Juno hopes to report data from the 100 million cell dose in Transcend at Asco, and its decision on the pivotal dose will depend on the CAR-T cells’ expansion kinetics, tolerability, response rates and durability.

Juno investors will surely already be making comparisons against Kite’s Zuma-1 trial of KTE-C19, which at three months had a best complete response rate of 47%. However, Transcend recruited relapsed as well as refractory patients, while Zuma-1 had only chemo-refractories, and Juno also included sicker patients with an ECOG score of 2.

A separate threat for JCAR017 will come from Novartis’s CTL019, whose registrational lymphoma study, Juliet, is due an interim three-month readout imminently. Juno is putting a brave face on matters, saying the leading therapies still leave 60-70% of patients not achieving durable complete remissions within six months.

Out of Orbit

Celgene had separately been planning to start Orbit, its own trial of the now discontinued JCAR015, and recently told EP Vantage it was evaluating plans in light of the deaths that caused Juno to halt the US Rocket study; clearly Orbit is now a non-starter.

In the meantime, no one is any the wiser as to why JCAR015 – and not, for instance, Kite’s very similar construct, KTE-C19 – was associated with cerebral oedema. Indeed, the mechanisms behind neurotoxicity are not fully understood, and the ability of CAR-T cells to cross the blood-brain barrier might just hint at a theory.

For now Juno is hoping that the defined-cell composition of JCAR017 will allow it to maintain efficacy at a relatively low dose of cells.
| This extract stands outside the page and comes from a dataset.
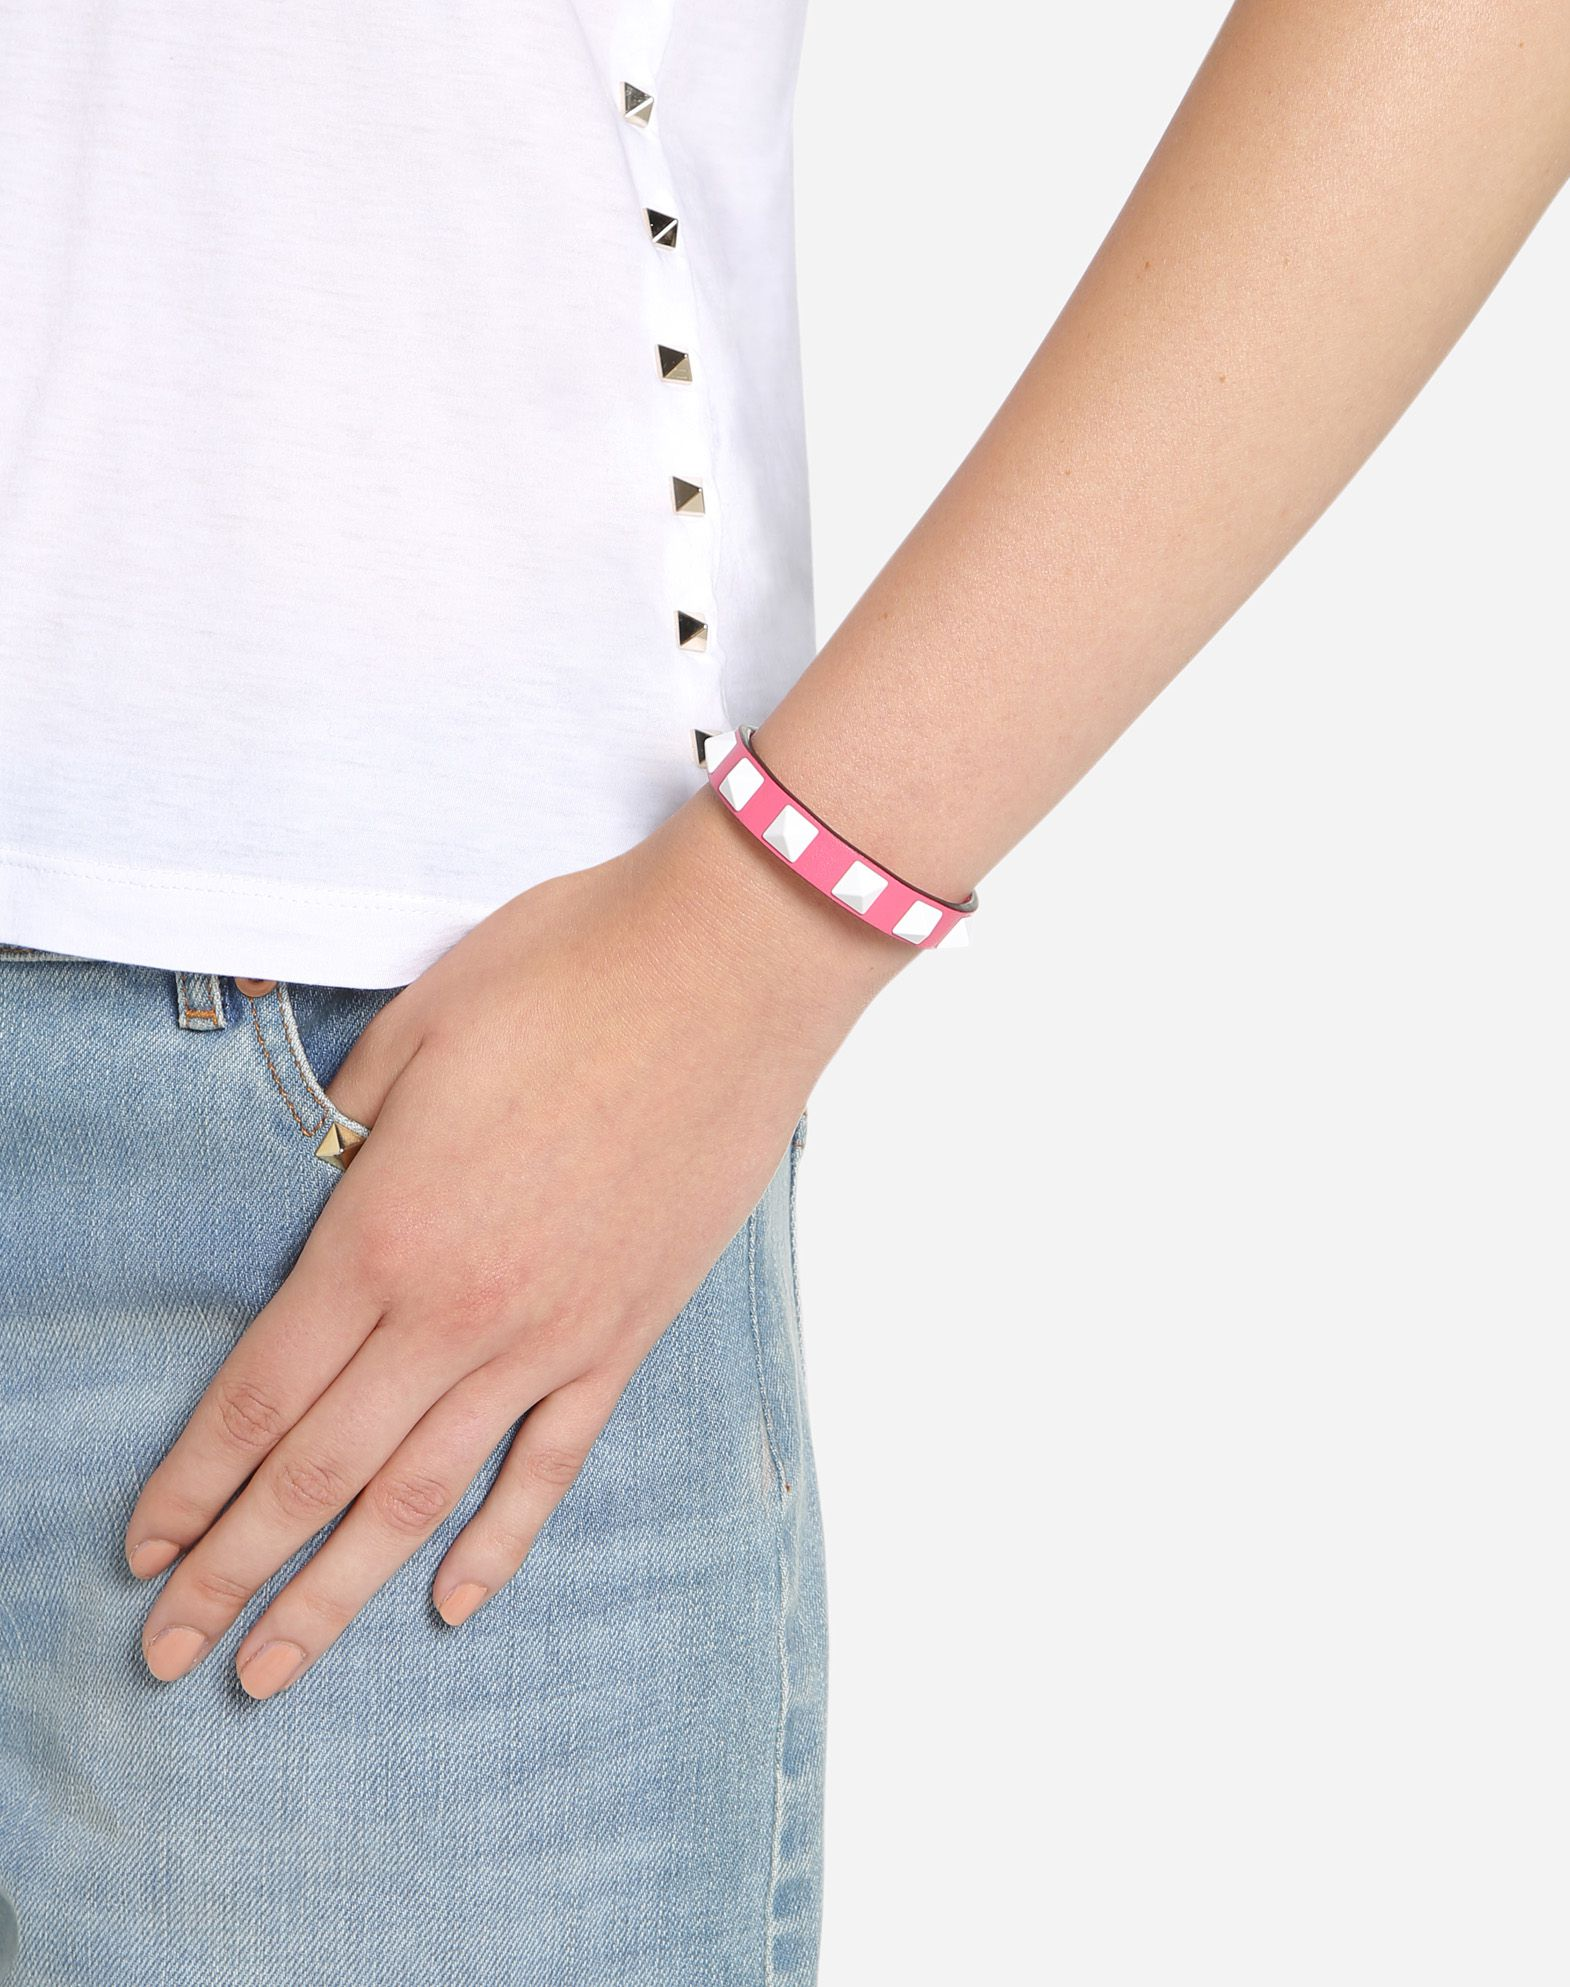 Valentino Garavani Rockstud turquoise bracelet Valentino 3jVzPZ9K

On the other hand, perhaps some CAR-T players will go back to basics on design: a major theme of the Adopt Summit was tonic signalling – signalling in the absence of antigen – to which some attribute adverse events.

Another Celgene partner, Bluebird Bio, stressed how it had picked bb2121 as a lead anti-BCMA CAR partly thanks to its low propensity for tonic signalling. Early data in multiple myeloma have been highly promising, with a surprising lack of serious neurotoxicity or cytokine storm; an update is due at Asco.

A novel theory has emerged, with a paper in Nature last month suggesting that eliminating endogenous T-cell receptors from CAR-T cells might avert tonic signalling. Still, there is a “dirty secret”, Bluebird’s director of cell immunotherapy, Kevin Freeman, said at the summit: “All CAR-Ts tonically signal.”